In effect, an individual default of the yearly quota of renewables consumption by each large industrial consumer, and the ensuing power consumption to match such deficit, from sources other than the renewables contracted out of the governmental offer mentioned in (i) above, will be heavily penalised.
The government aims to resolve the intermittency of renewables, for which bidding was permitted with no commitment on capacity, by offering capacity back-ups for the pass-through of such contracts to large consumers at a price that will be the subject of separate bids, with unpredictable results. The complexity of the system is compounded by the grid’s shortcomings, with a priority of dispatch adding to the uncertainty in making such choices in the medium to long term. Also, the redistribution of power by customers able to inject their own generation back to the grid (Law 27424, as regulated by Decree 986/18) adds stringent requirements for metering and ensuring the system’s reliability .

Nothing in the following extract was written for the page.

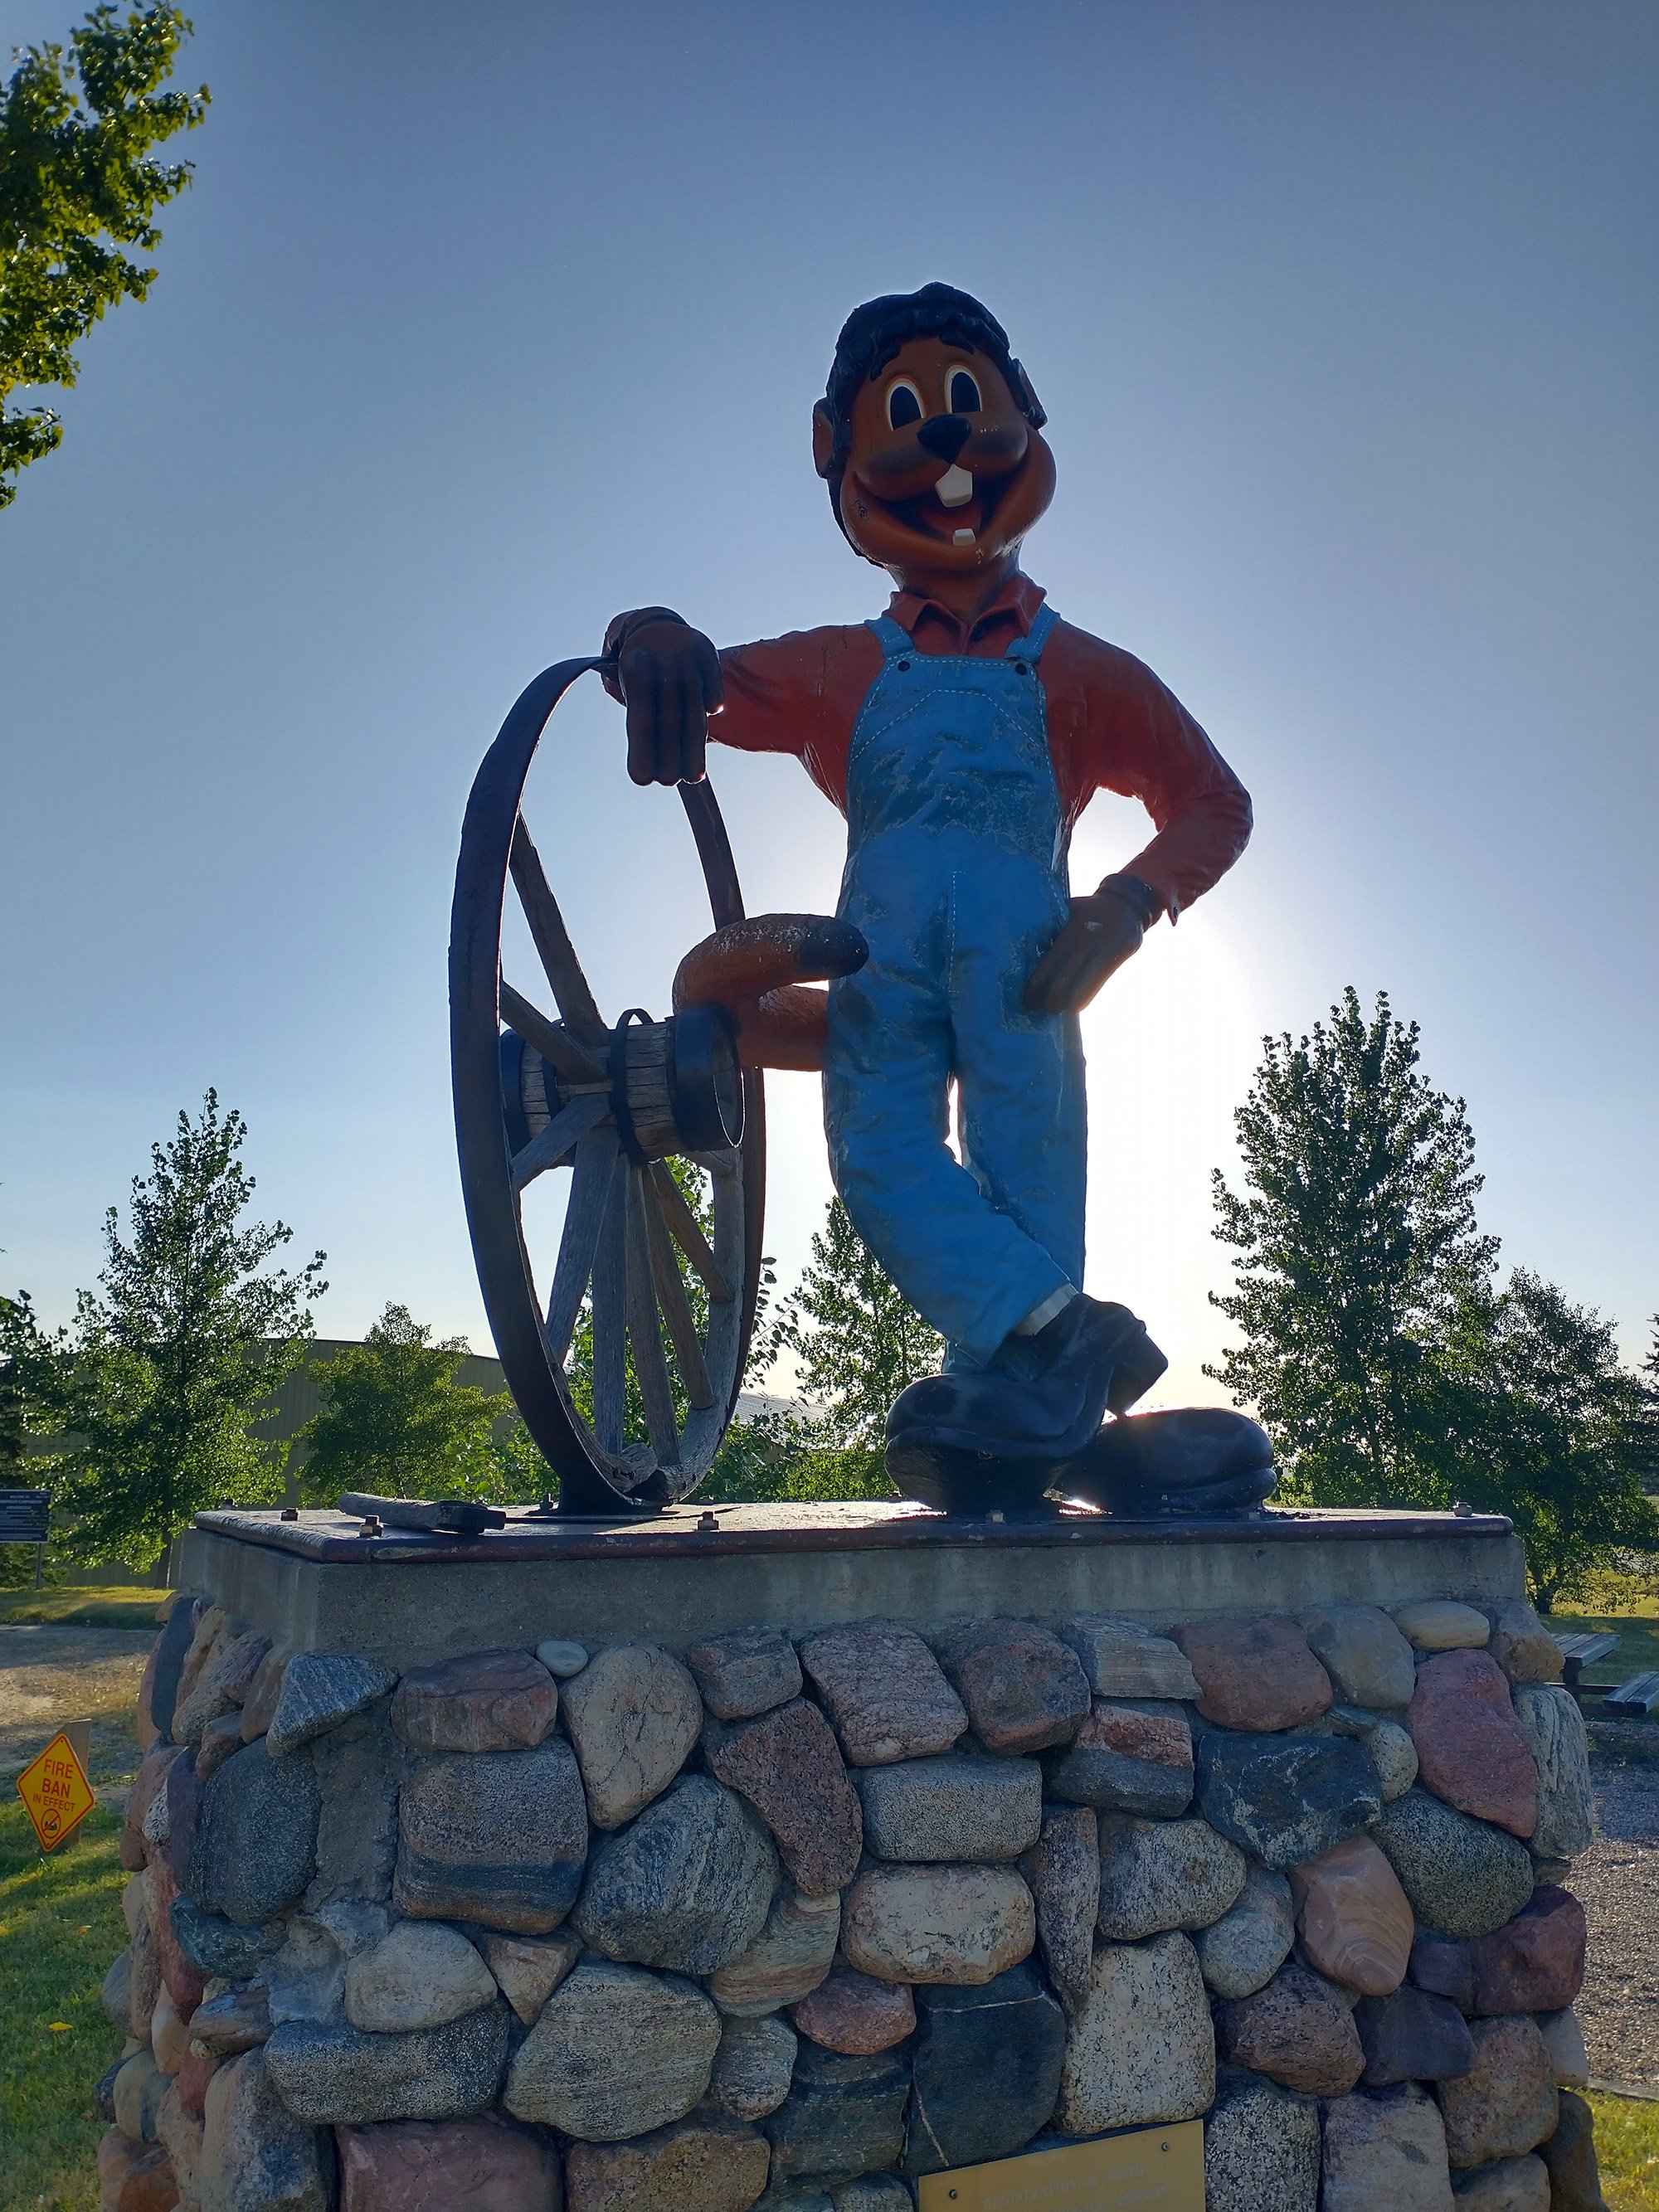 Clem T. Gofur, the Mascot of Torrington. Some kind of camping town with a "Gopher Hole Museum"....?

If, on the other hand, the natural gas (from any source) market were free from any remaining regulatory interference, it would reach an import parity price (at present fluctuating around US$6/MMBtu for imported LNG regas sources), as Argentina is a net importer of up to 25 per cent of its aggregate gas consumption. This would thus free the government from the heavy burden of sustaining these programmes (as the price differential between the international price and the domestic market price would be substantially reduced). Import parity is the ironclad law of markets, sweeping away economically and technically flawed concepts of reference prices by computing Henry Hub prices plus transport costs into the country (liquefaction and transportation amounting each to a third of the LNG price), since LNG is a commodity that varies its prices on the spot depending on the availability of cargo. The shale and tight gas projects expect a soft landing into market prices that, when freed from regulatory measures, would reach import parity level, making them profitable. The significantly rapid decline in shale field exploitation and the need for continuing short-term investments requires stable rules to make a long-term forecast.
Argentina is currently one of the world’s top-ranking non-conventional (shale) resource countries (second in shale gas, fourth in shale oil) and one of the first countries to explore and develop these resources apart from the United States.
The prospect of further development can be expected as a result of the following:
- the law reforms (in 2014) extending current exploitation concessions - mainly to the benefit of the state-controlled YPF (the most significant oil and gas upstream and midstream player in Argentina) - and further renewals;
- the soft landing of the end (for the time being, depending on the satisfactory evolution of international crude oil prices) of domestic prices; and
- the need to reduce the governmental budget deficit (also requiring a significant reduction to power and natural gas consumption subsidies) and the aggregate trade deficit caused by significant energy imports, which will also lead to higher overall price increases for gas and power, while reducing gas and power consumption subsidies to well-defined social tariffs for the disadvantaged.